Fulvias are noted for their role in motorsport history, including a 1972 win of the International Rally Championship. Road & Track described the Fulvia as “a precision motorcar, an engineering tour de force”.

The Fulvia Berlina was designed by Antonio Fessia, to replace the Lancia Appia. The Fulvia moved to front wheel drive like the Flavia modell.

It was with the Fulvia that Lancia went officially back into racing after its withdrawal from Formula 1 in 1955; this time the effort was focused on rallying.

With the exception of 1970, Fulvias won the Italian Rally Championship every year from 1965 to 1973. The Fulvia’s rallying career reached its zenith in 1972, when Lancia won the International Championship for Manufacturers two rounds in advance.

During the 1974 season the ageing Fulvia was replaced in rallying by the Lancia Stratos HF. That year Lancia won its second World Championship, also thanks to points scored by the Fulvia in the first rallies—such as the third place Munari caught in the grueling East African Safari Rally.

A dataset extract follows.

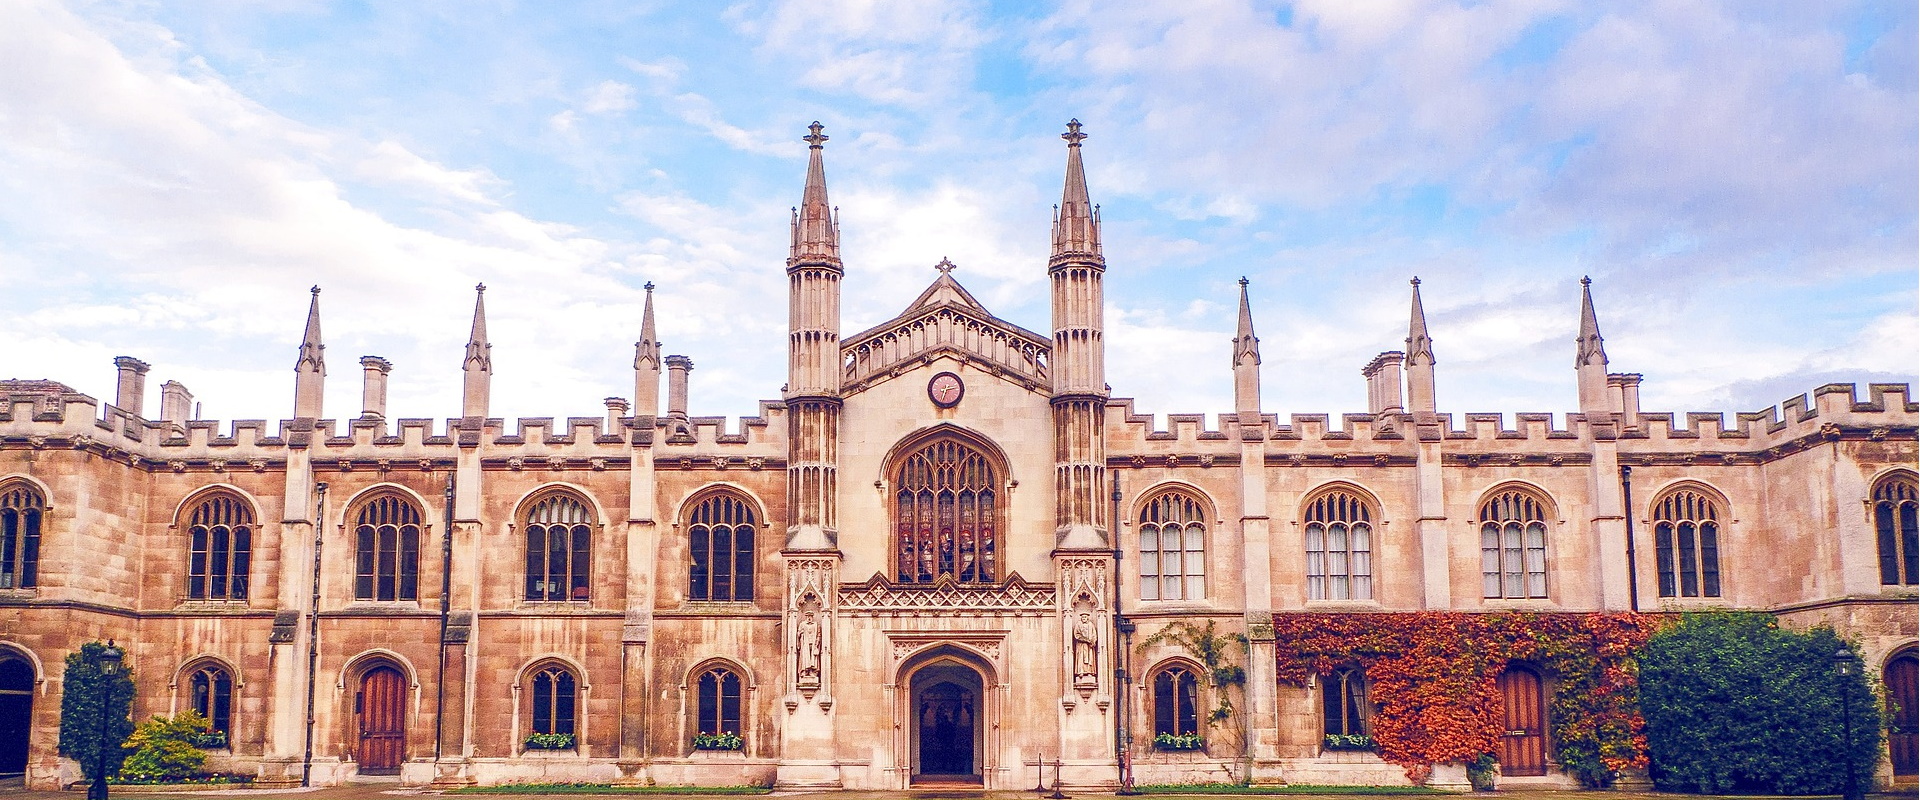 Die Cambridge Universität im Osten von England

Production made between :1963–1976. Designer was Piero Castagnero at Centro Stile Lancia (Berlina and Coupé), Ercole Spada at Zagato (Sport).

The last big launch of the independent Lancia brand was the Fulvia, which featured special technical solutions, including a V4 engine. However, it was not a saloon, but a coupé version that matured into a legend, not only because of its special form.

The four-door Fulvia was one of the best and most sophisticated compact sedans of its time.